How do I know? I finished the experiment. I ran-ran-ran it the next day.

And when I got to the top, to the rocky outcrop, all I could see was the absence of Anna and Brooke. No euphoria on the trail along the ridge – only absence. Red-faced exhaustion. And soreness? Yes! Soreness in the hairpin turns, at the place where Brooke and I stopped to do a photography experiment.  Soreness as I imagine the voices and the souls around me, sharing the trail with me. A different feeling in my chest, now, as the golfers see my descent. Hollow. Lonely. Sore. The trail was full yesterday. Today, just me. Just I. And I knows that if ever I am on that trail again, that soreness will return. The days of solitary euphoria on the Deerlick Trail are gone for ever.

The Conclusion of a Spiritual Scientist

My wife notices that the screen has my attention more than it usually does. We are at the beach with our best family friends. I stare at this screen, and in this screen I only see Anna. I left her in a dorm room at N.C. State University a few days ago. I will miss her.  She has spoiled almost every physical space I know.  She has spoiled the white space of this screen.  Nowhere will ever be the same without her.  All is spoiled.  I am sore.  And yet . . . I somehow realize that I love this soreness even more than I love physical soreness. I love it for its depth, its intensity, and for the larger sense of accomplishment it represents.

The Trophy

My journal from 15 years ago reads:

June 3, 2004

As I write these words, I find myself immersed in the chaos of eastern American family life.  I am dug into it, this human life, and still digging. Other human beings around me, close to me, need and depend on me, so that my existence seems inseparable from theirs. Amy, Anna, Brooke and I are linked together, conglomerated, in such a way that to even imagine the absence of one of the parts causes a sinking, simulated pain somewhere deep inside where the bonds with these other humans form and strengthen with no mental effort or special attention from me.  Sometimes I only know the strength of the connections, and the raw, nerve-like nature of the emotional tendons between us by imagining the immense pain of one of the parts being torn away.
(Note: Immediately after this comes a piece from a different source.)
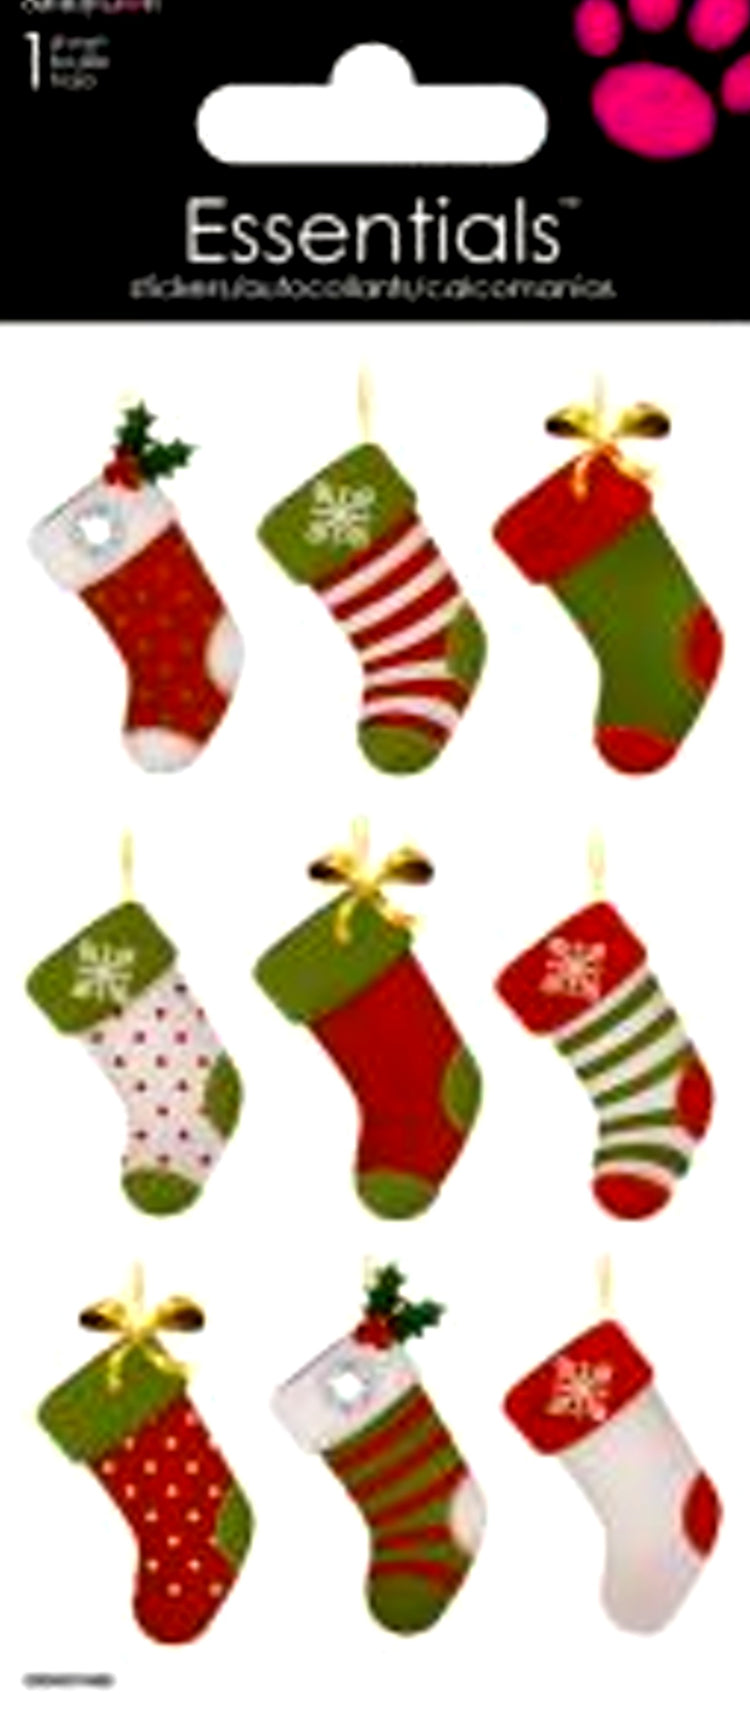 Sandy Lion Essentials Christmas Stockings Dimensional Stickers

A gaping hole, with dangling nerve endings, ripped sinews and profuse soul hemorrhaging would be created!

Less imagination needed now.  Though I still have remote access to her, a certain level of extraction has begun, and when I return to my house, a bedroom will be empty.  No experiment.  Something so spiritually heavy happened that my soul continues to tell the story.  Abrupt, intense soreness!

I love it.  My heart carries it around as one of its greatest life trophies.  The inscription: “Yesterday, We lived!”